What you have to do. Please give the listing again in full, leaving out its images.
------ Data section ------
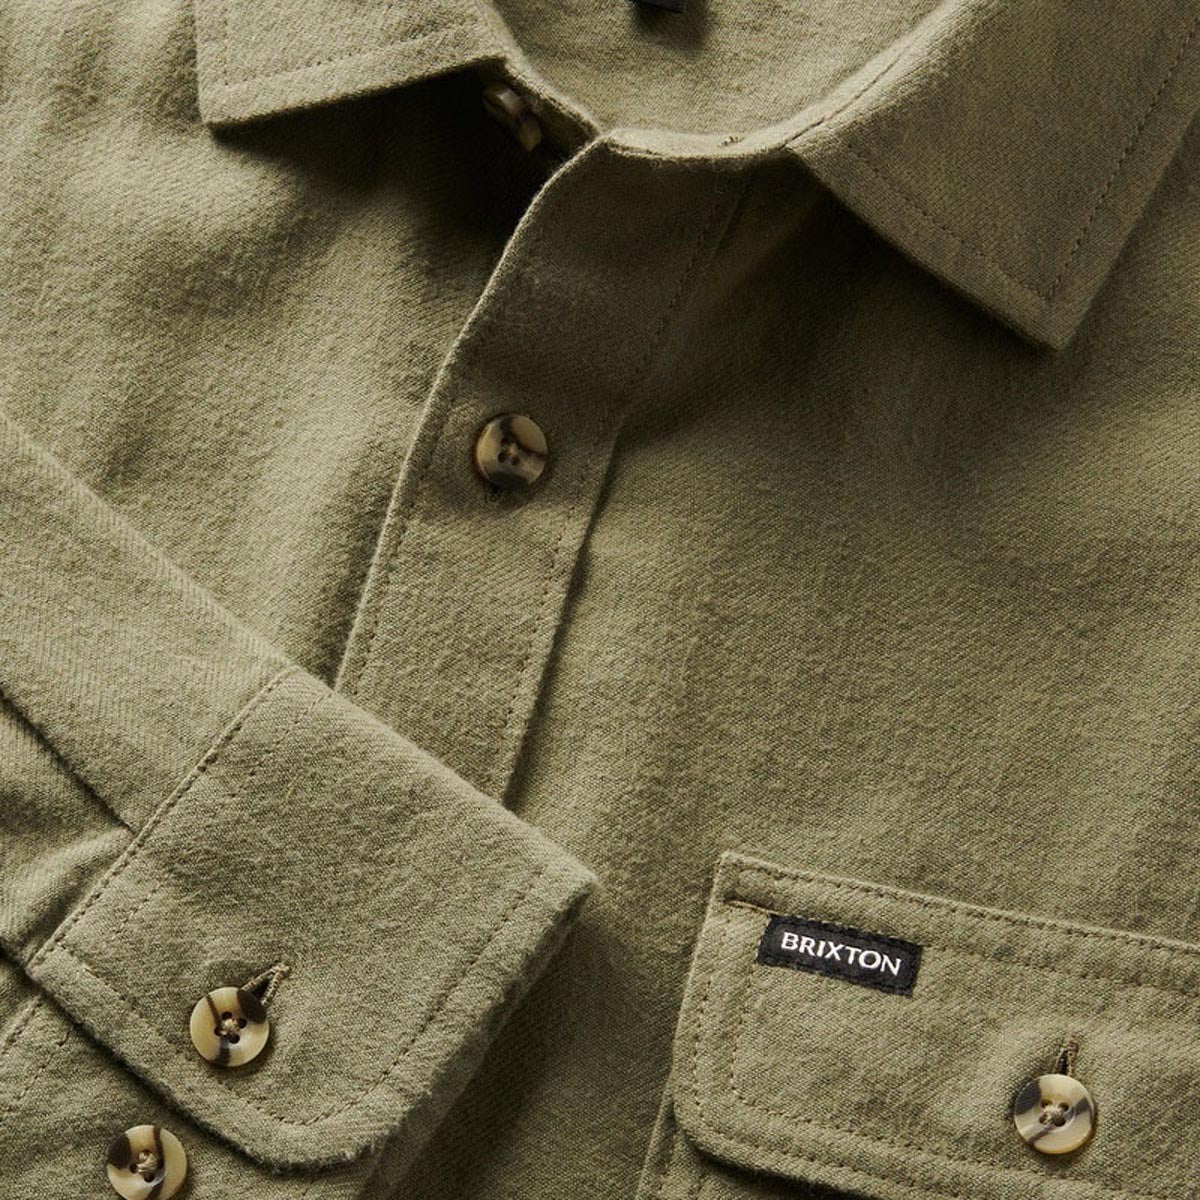 Brixton Bowery Lw Ultra Flannel Shirt - Olive Surplus image 3
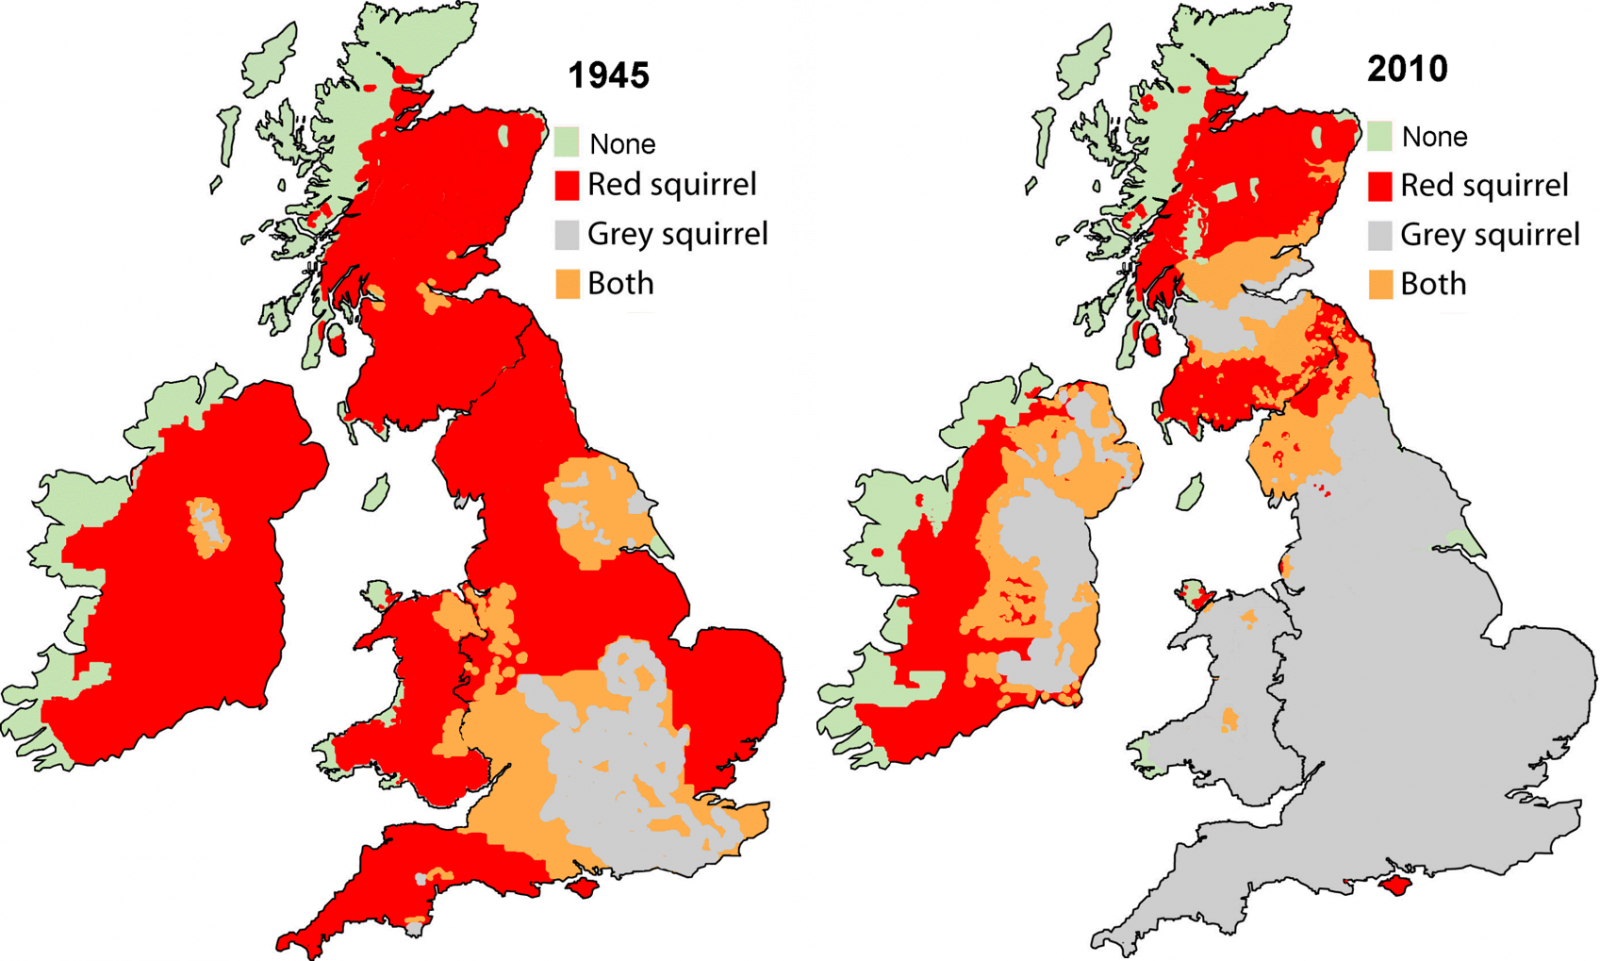 Now there are only about 15,000 red squirrels in England
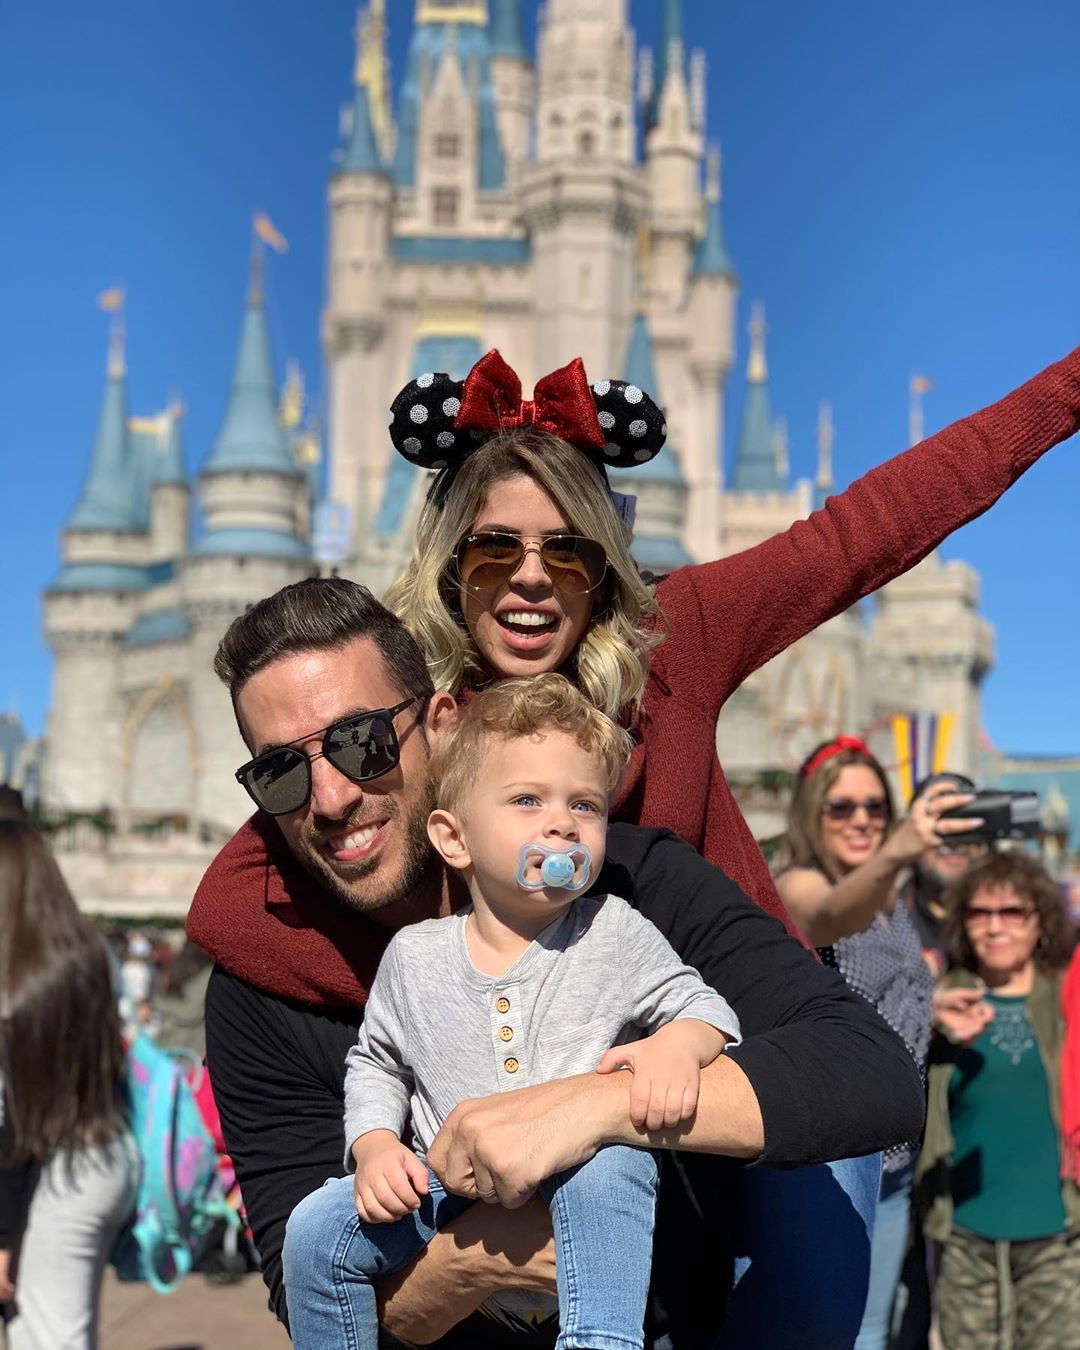 Family posing in front of castle at Disney World. Photo by Instagram user @sallyderogatis
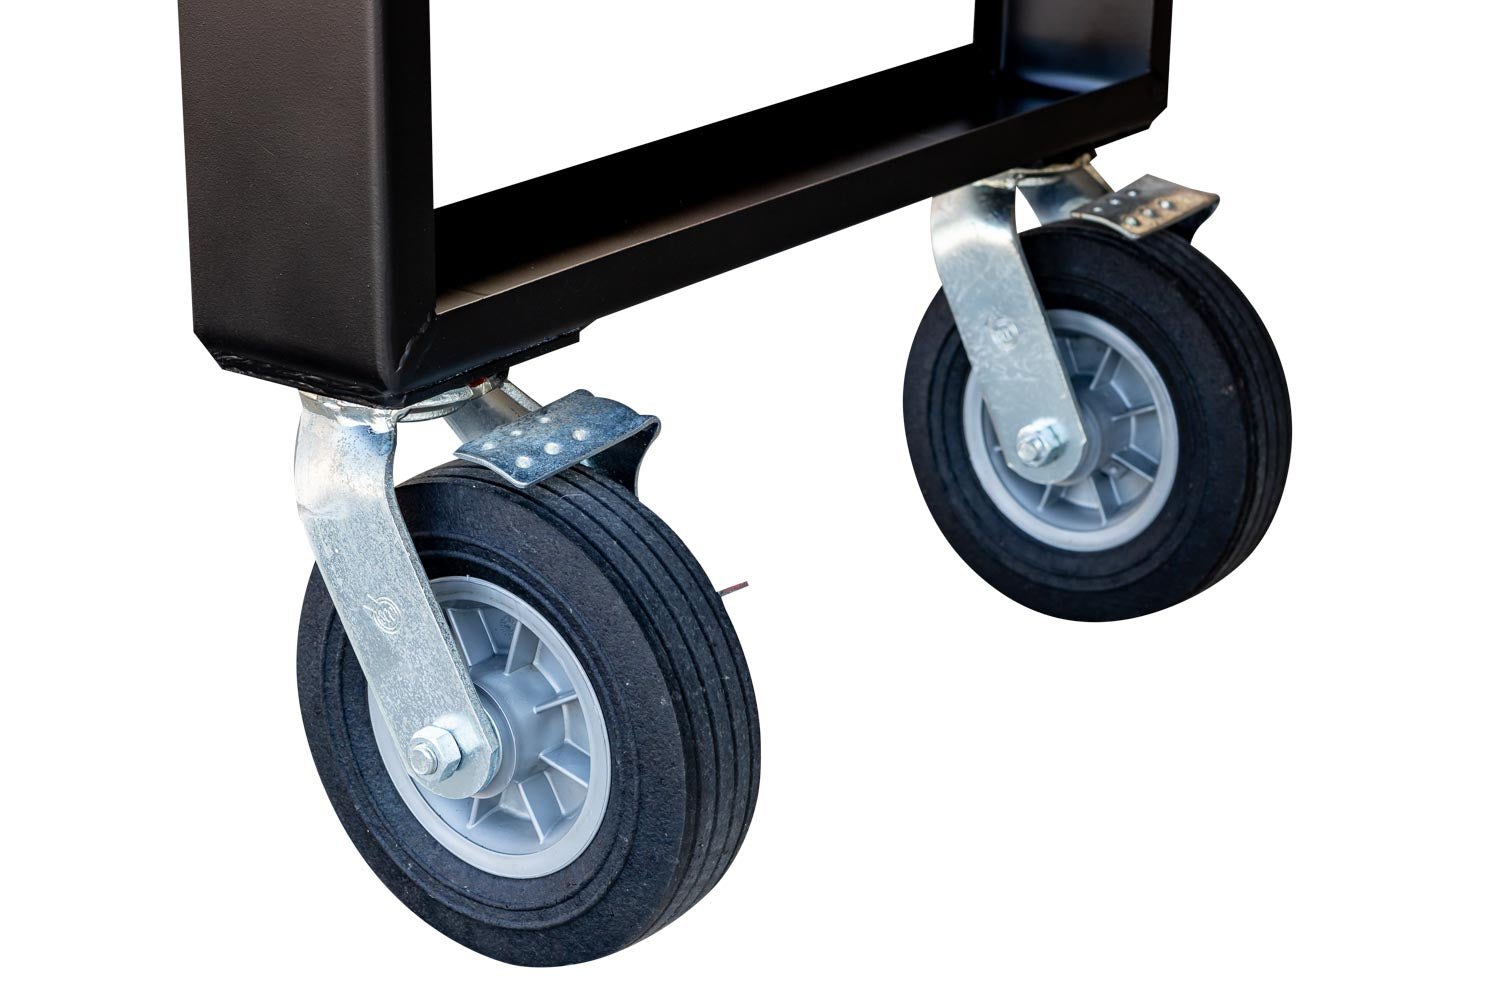 Close-up view of two 8-inch locking casters attached to the frame of a Meadow Creek smoker and cooker. The casters are heavy-duty with metal brackets and black rubber wheels.
------
Written response.
 Brixton Bowery Lw Ultra Flannel Shirt - Olive Surplus image 3
 Now there are only about 15,000 red squirrels in England
 Family posing in front of castle at Disney World. Photo by Instagram user @sallyderogatis
 Close-up view of two 8-inch locking casters attached to the frame of a Meadow Creek smoker and cooker. The casters are heavy-duty with metal brackets and black rubber wheels.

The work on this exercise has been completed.